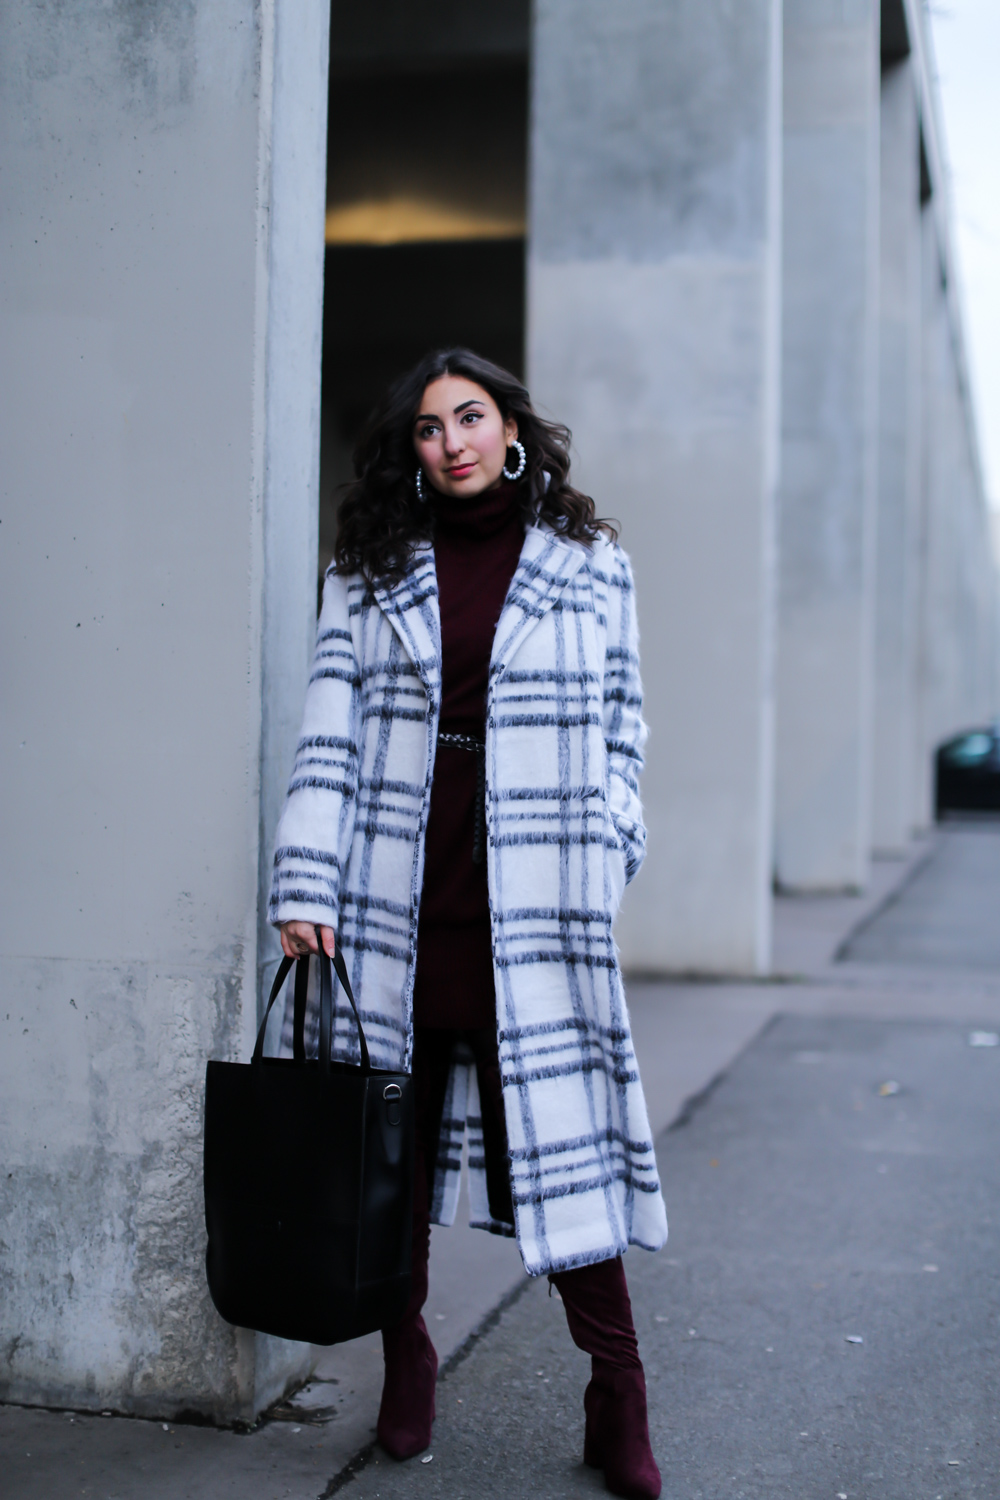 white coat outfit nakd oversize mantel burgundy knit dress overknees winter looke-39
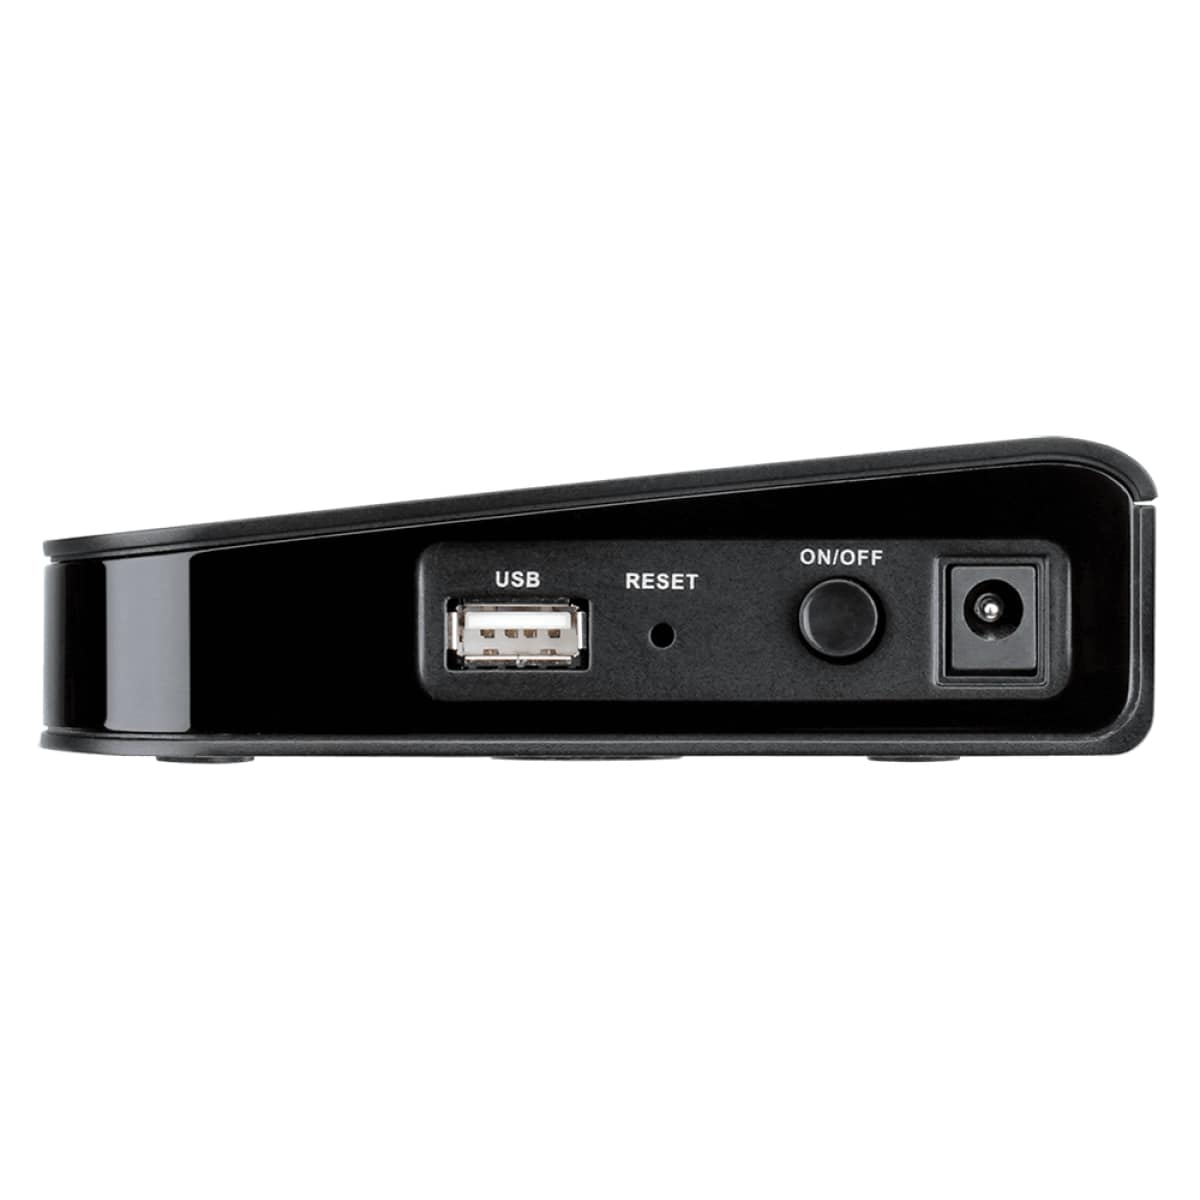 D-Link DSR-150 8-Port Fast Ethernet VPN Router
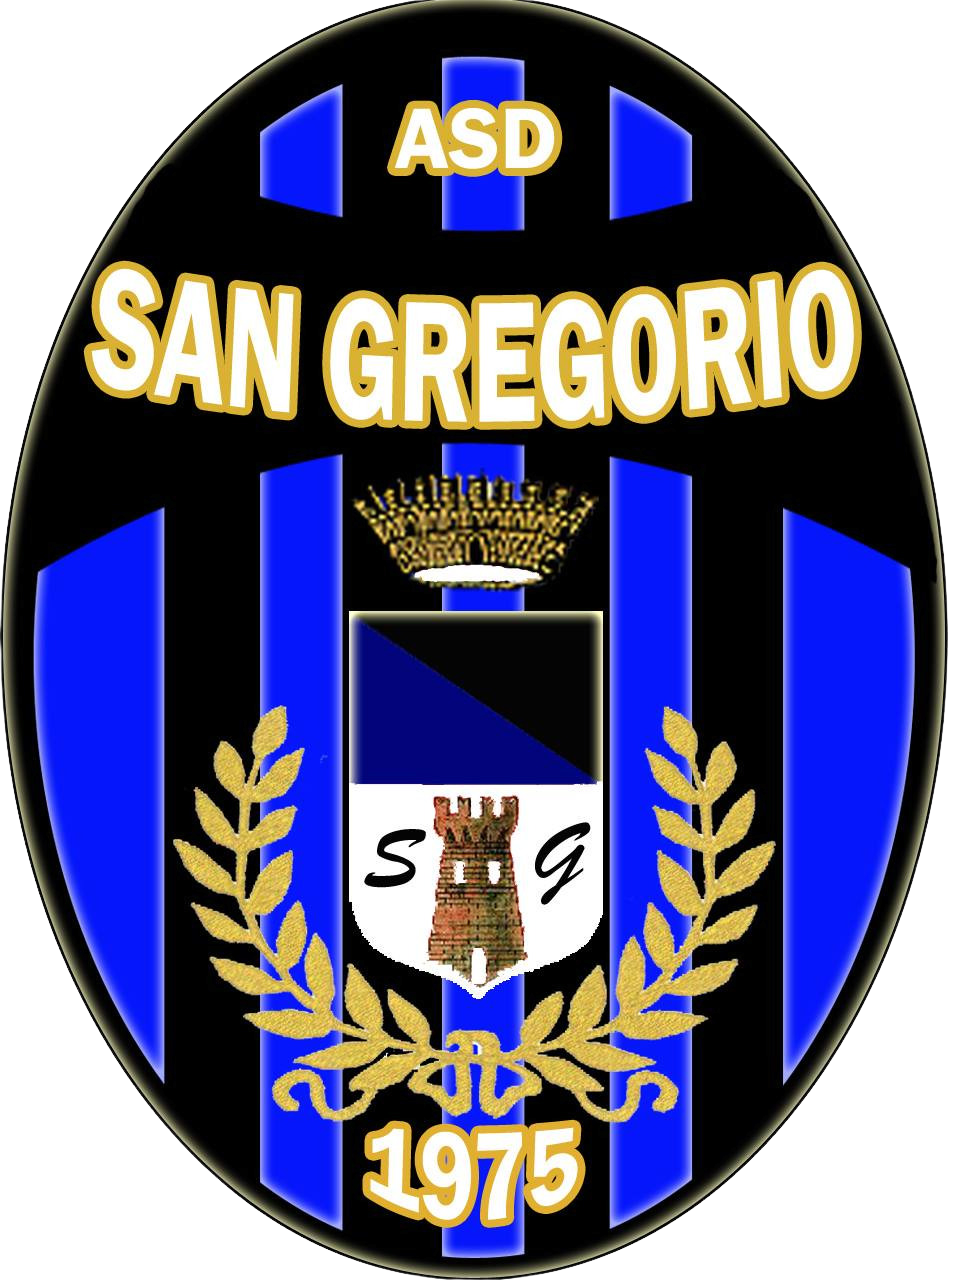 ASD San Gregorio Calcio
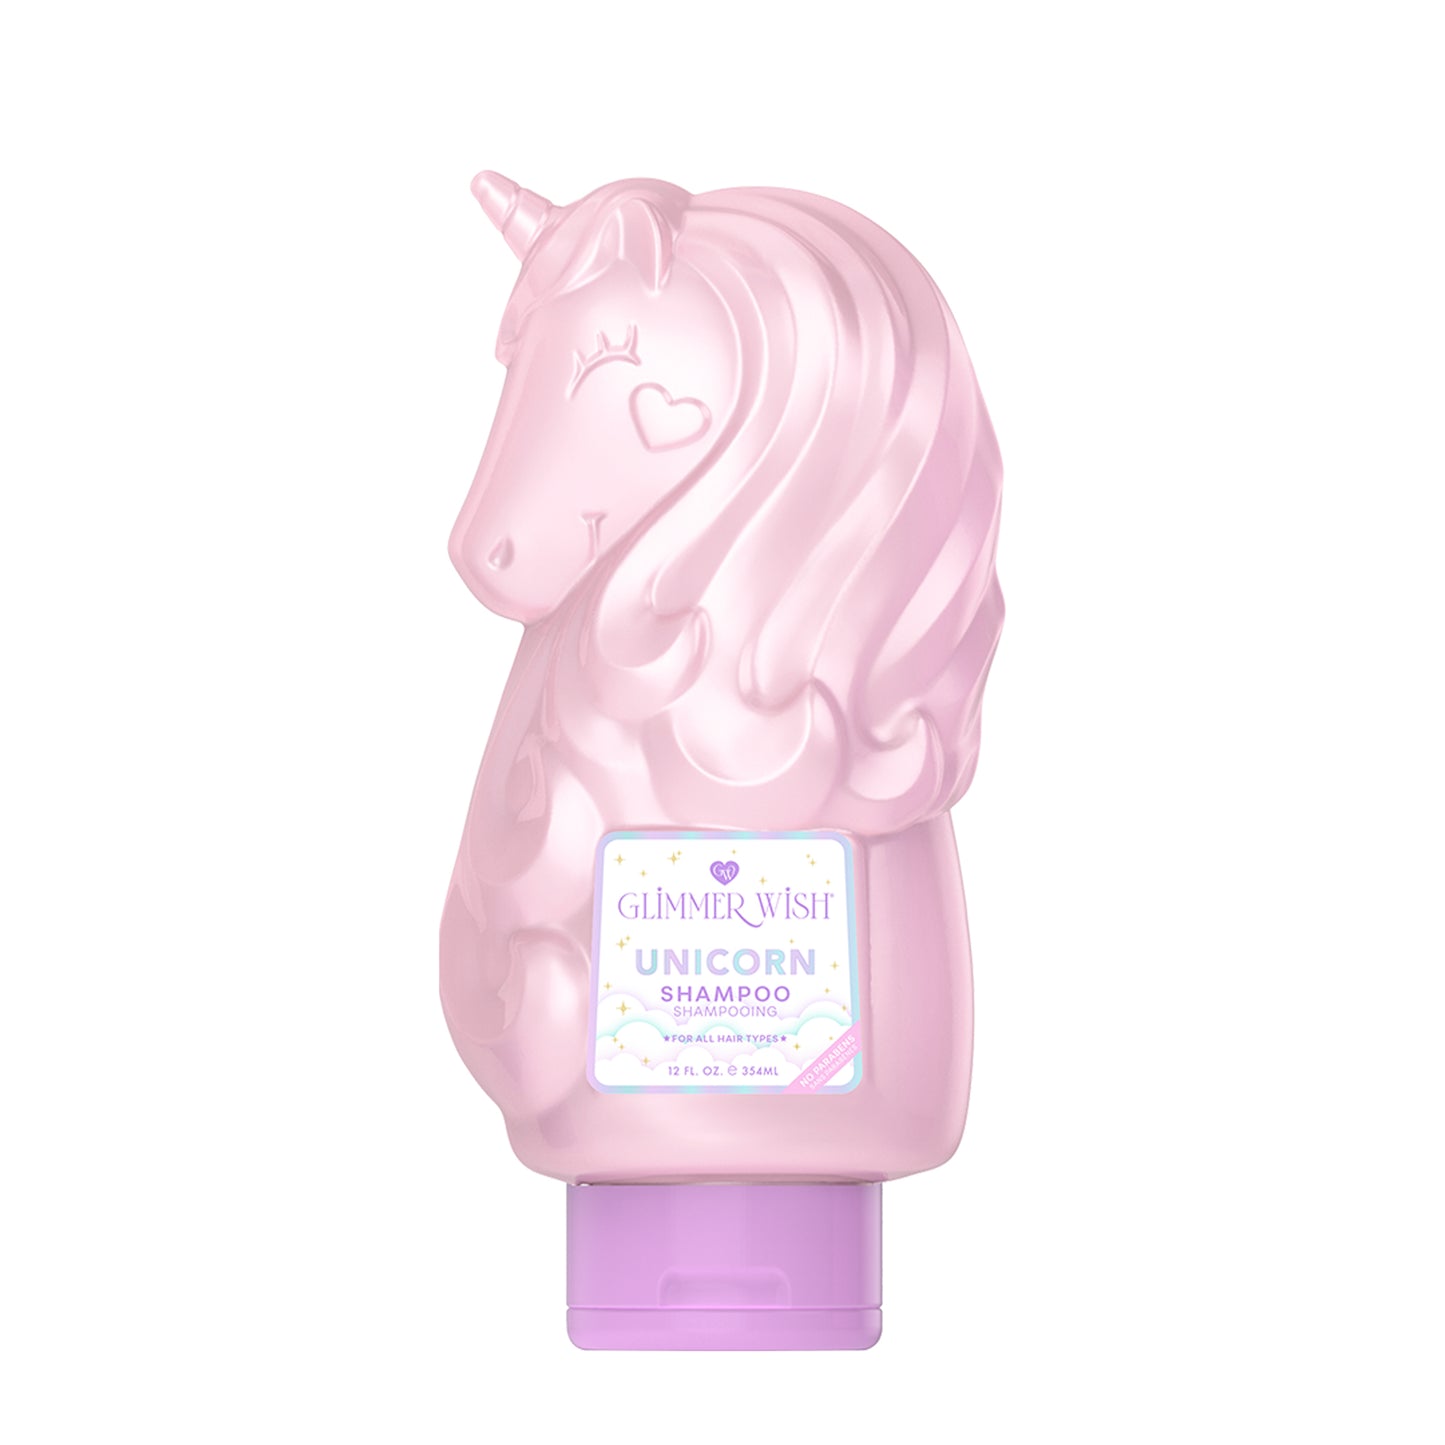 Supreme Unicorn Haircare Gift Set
---------------
## Exercise aim
Each line from the one with "ASD San Gregorio Calcio" to the last line of the listing should be returned exactly, both ends included, and no picture with them.

## Solved problem
 ASD San Gregorio Calcio
 Supreme Unicorn Haircare Gift Set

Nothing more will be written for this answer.